Researchers from the Veterans Affairs Palo Alto Health Care System, Stanford University School of Medicine and the University of Toronto evaluated the cost effectiveness of different methods of defending against the release of anthrax from an aircraft over a large city.
The World Health Organization has estimated that such an attack over a city of 5 million people would result in about 250,000 deaths.
Owens’ team developed a model to compare potential costs, harm and benefits of four response strategies following this type of attack: no vaccination or antibiotics; vaccination alone; antibiotics alone; or a combination of antibiotics and vaccination.
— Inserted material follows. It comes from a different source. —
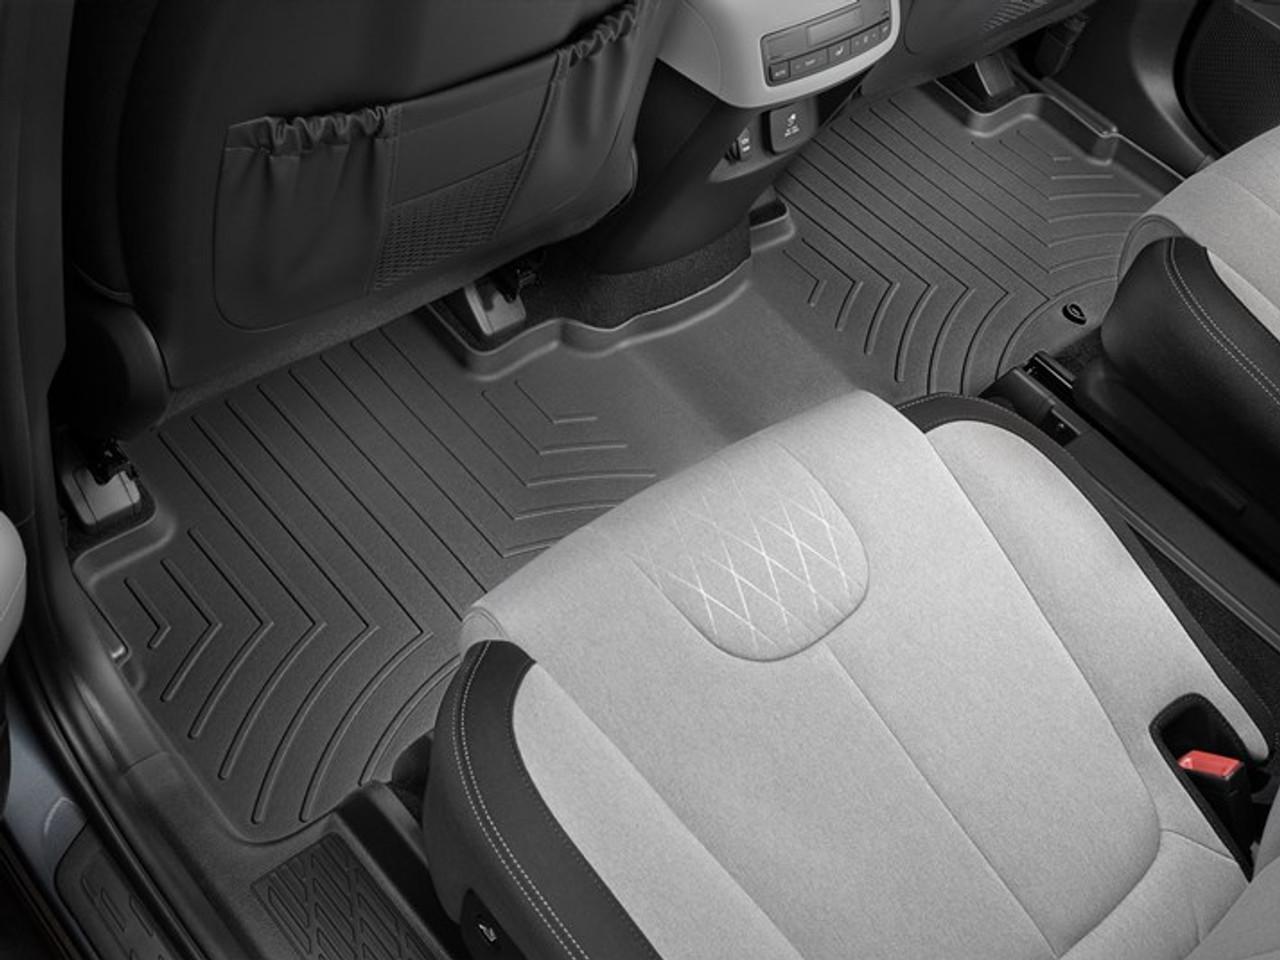 2020-2022 Hyundai Palisade WeatherTech Floor Liners - Second Row (Black)

Reporting in the April 19 issue of the Annals of Internal Medicine, they conclude that a vaccination-antibiotics combination was the most effective—and least expensive—way to prevent death and disease. The intervention cost an estimated $46,099 per person and resulted in an average four-month gain of life when compared to vaccination alone. The combination approach also resulted in a net cost saving of $355 per person when compared to vaccination alone.
But the researchers stressed that these benefit can only occur if effective rapid vaccine and antibiotic distribution systems are already in place. “There must be a way to get antibiotics to a very large number of people very rapidly,” Owens said.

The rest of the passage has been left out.